## Task
Make an exact copy of the listing underneath, skipping each picture.

── Information provided

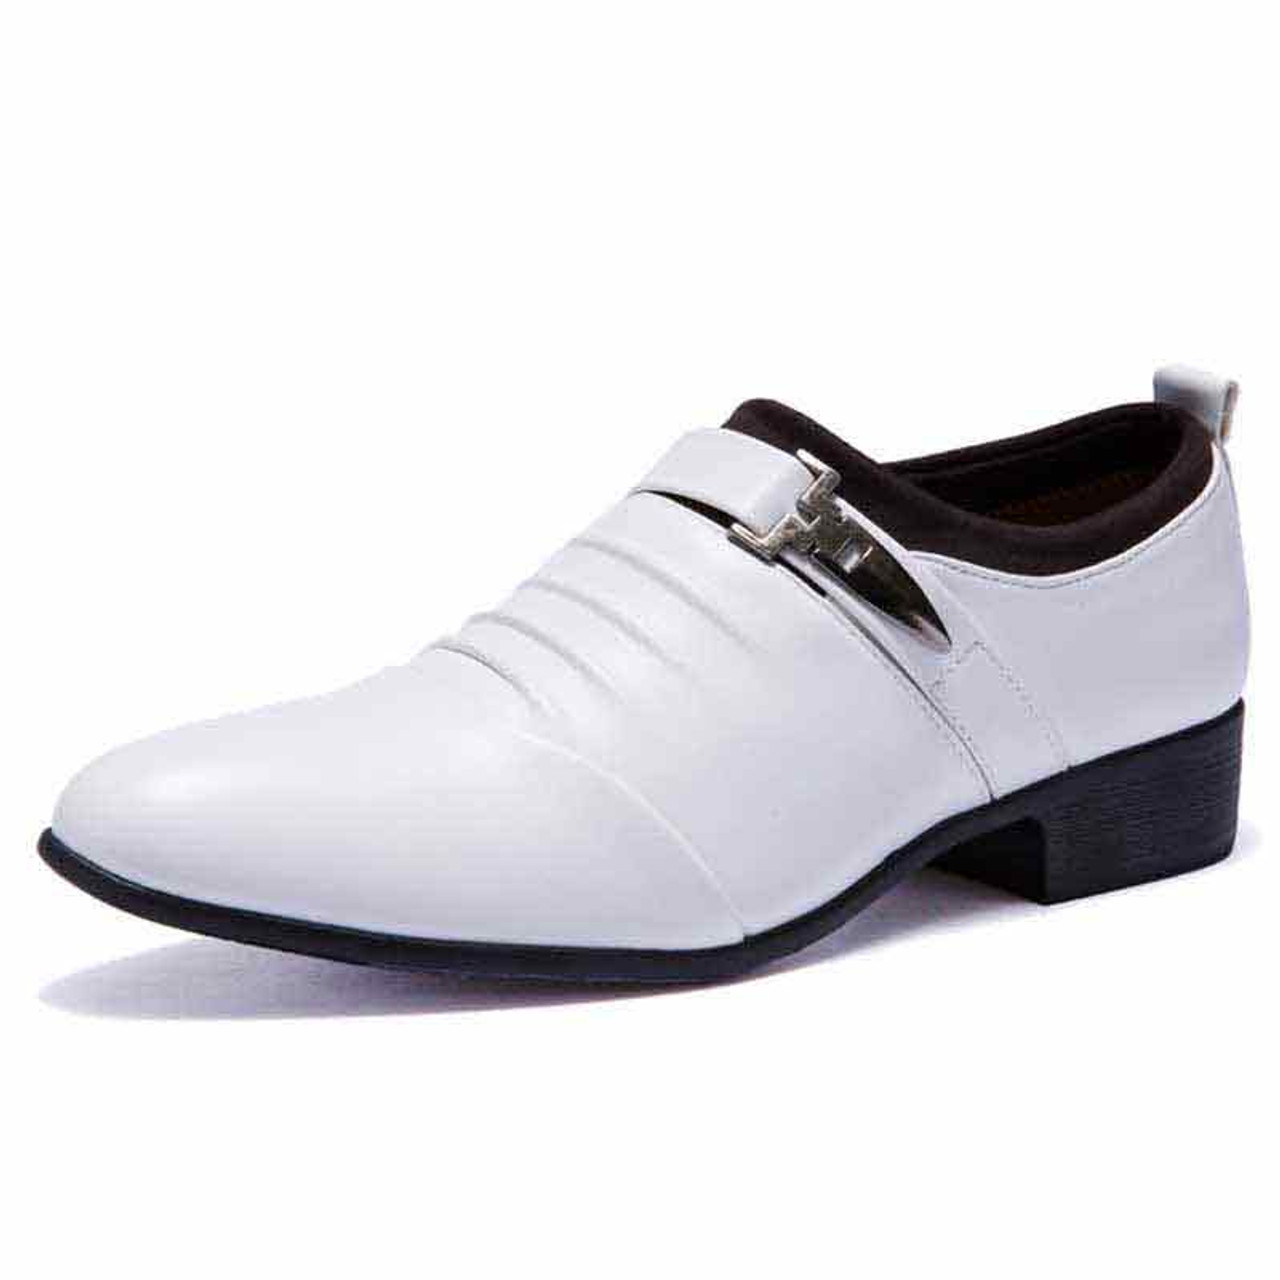 mens slip on dress shoes canada
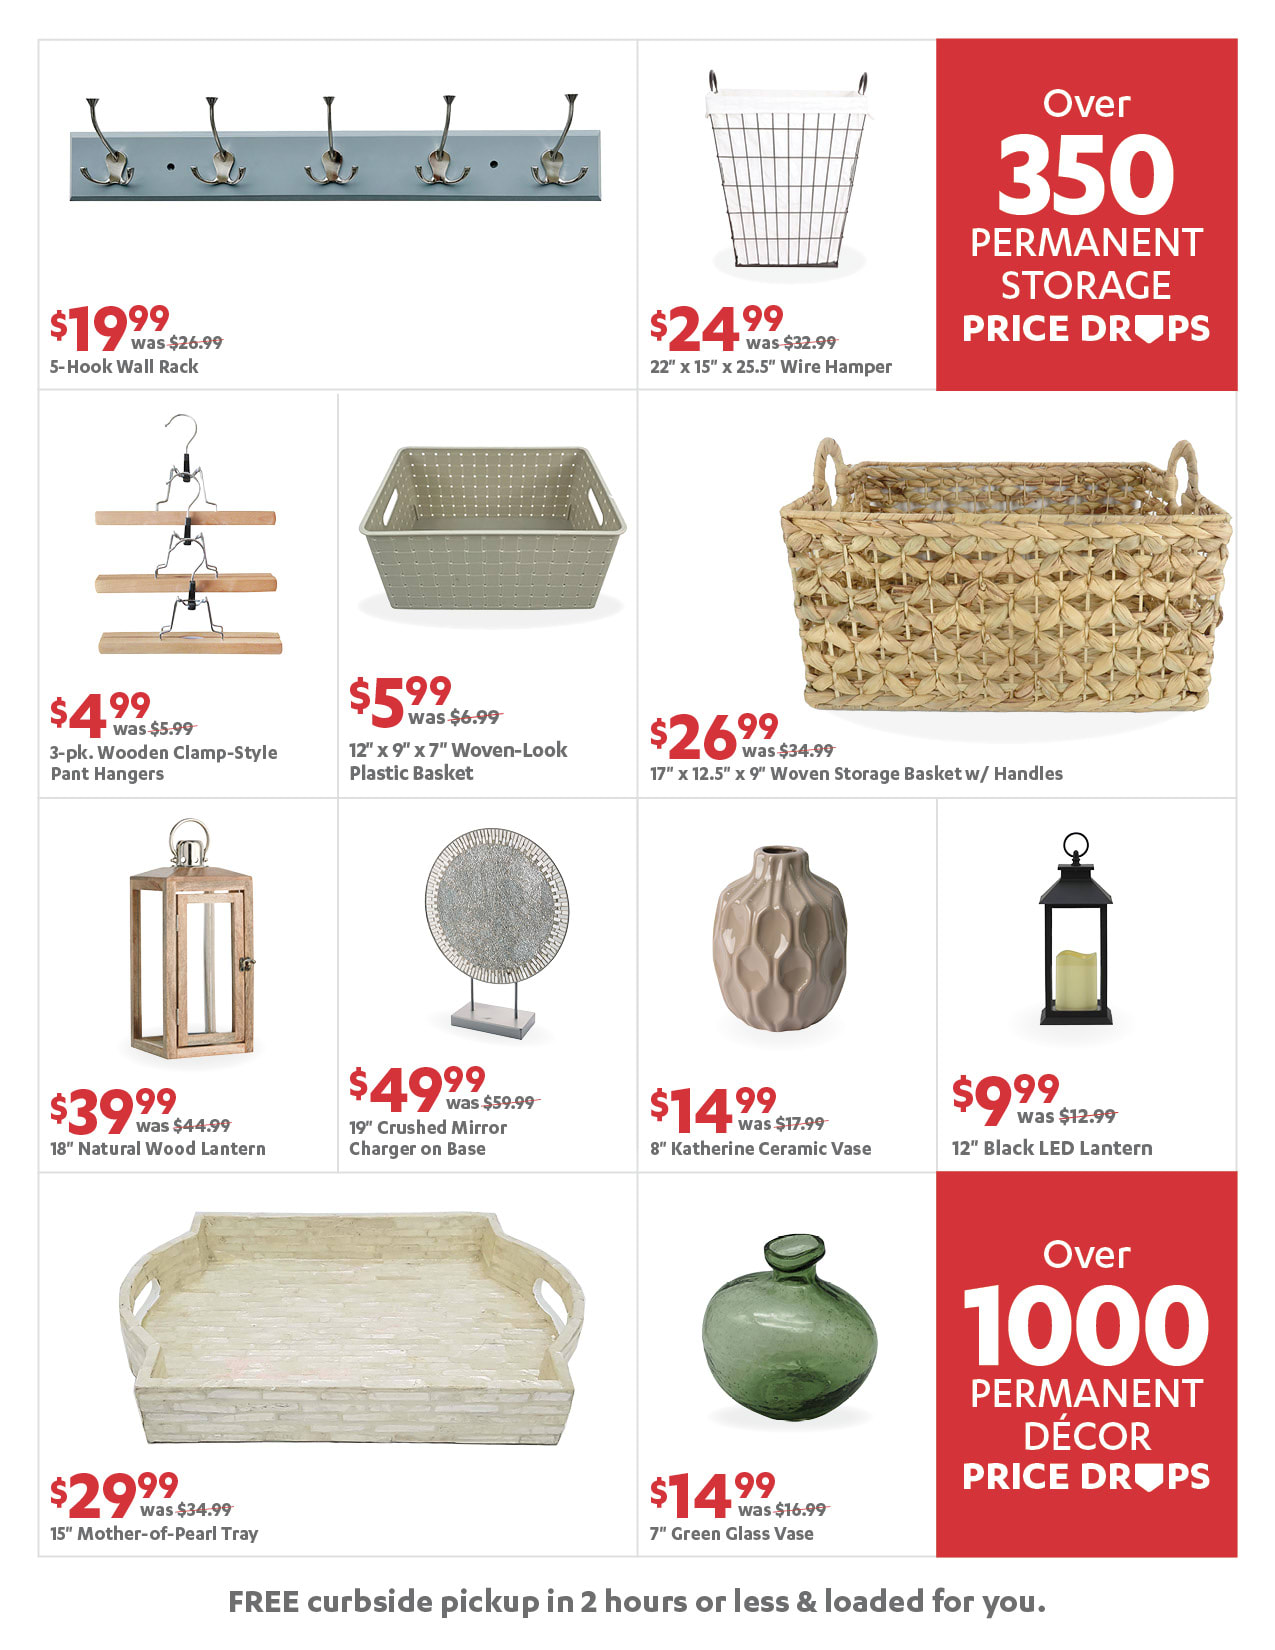 Weekly Ad, Home Decor Weekly Deals & Price Drops
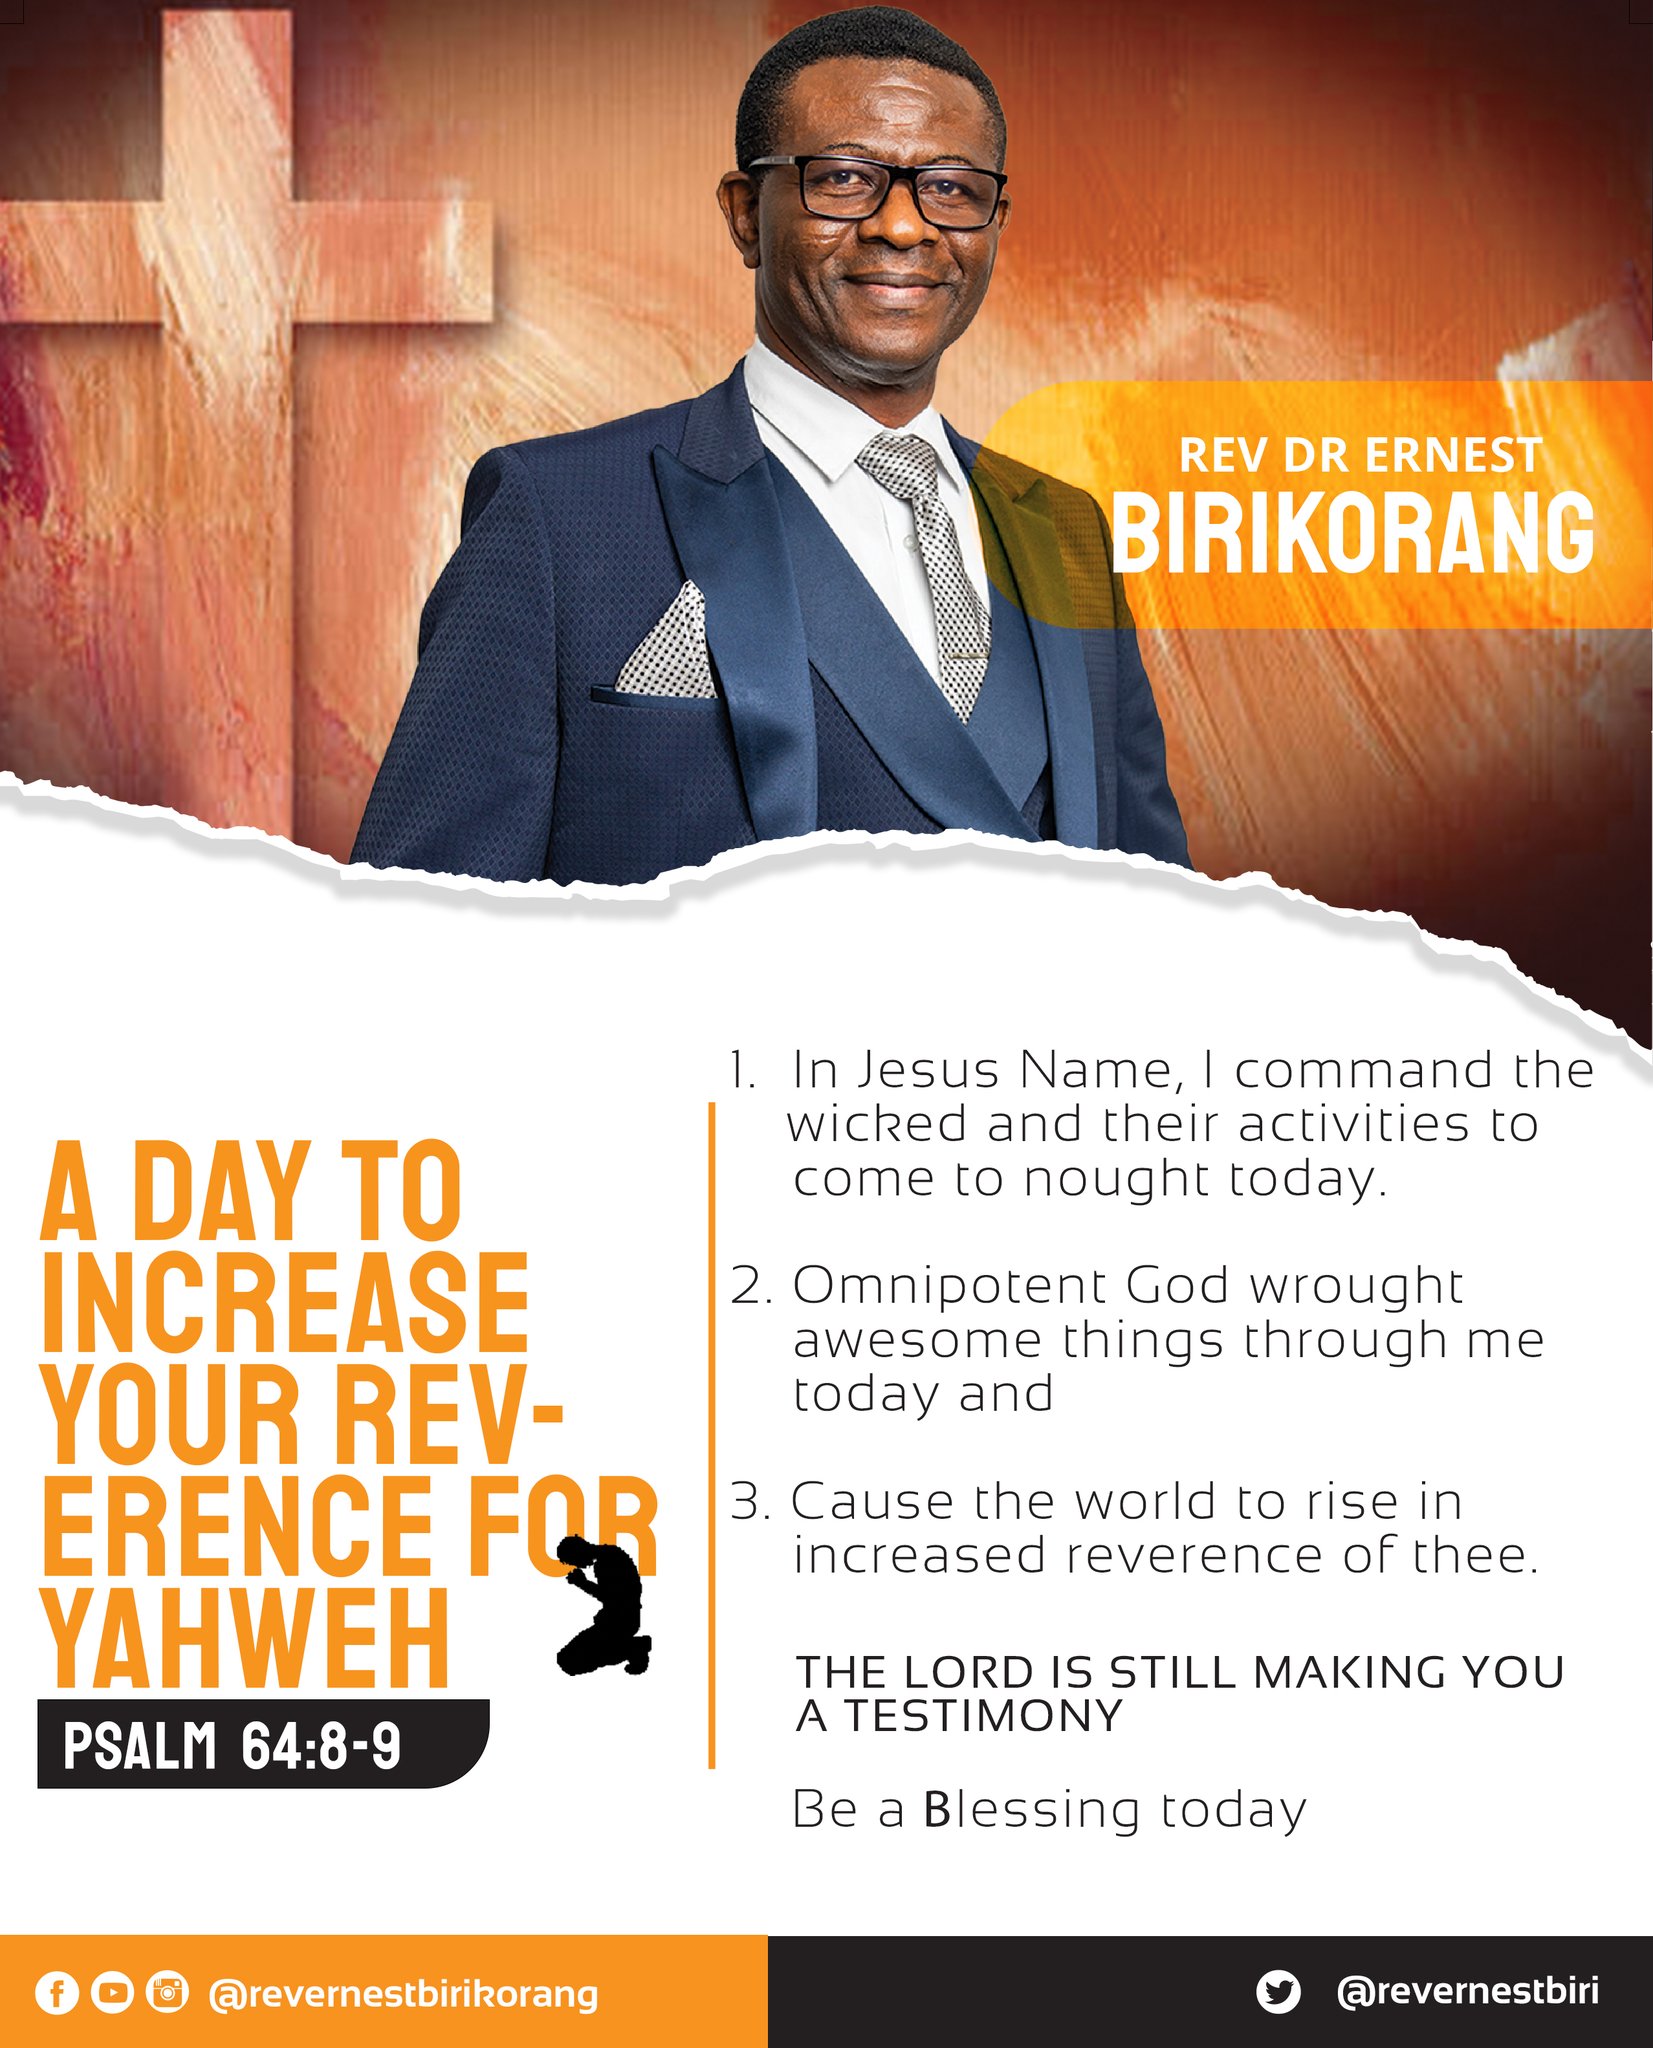 REV DR ERNEST BIRIKORANG  In Jesus Name command the wicked and their activities [0 A DAY TO come t0 nought today. INCREASE 2. Omnipotent God wrought awesome things through me YOUR REV- today and ERENCE FOR 3. Cause the world t0 rise in increased reverence of thee YAHWEH THE LORD IS STILL MAKING YOU A TESTIMONY PSALM 64.8-9 Be Blessing today 0 @ @revernestbirkorang @revernestbiri

────

## Answer to this exercise
 mens slip on dress shoes canada
 Weekly Ad, Home Decor Weekly Deals & Price Drops
 REV DR ERNEST BIRIKORANG  In Jesus Name command the wicked and their activities [0 A DAY TO come t0 nought today. INCREASE 2. Omnipotent God wrought awesome things through me YOUR REV- today and ERENCE FOR 3. Cause the world t0 rise in increased reverence of thee YAHWEH THE LORD IS STILL MAKING YOU A TESTIMONY PSALM 64.8-9 Be Blessing today 0 @ @revernestbirkorang @revernestbiri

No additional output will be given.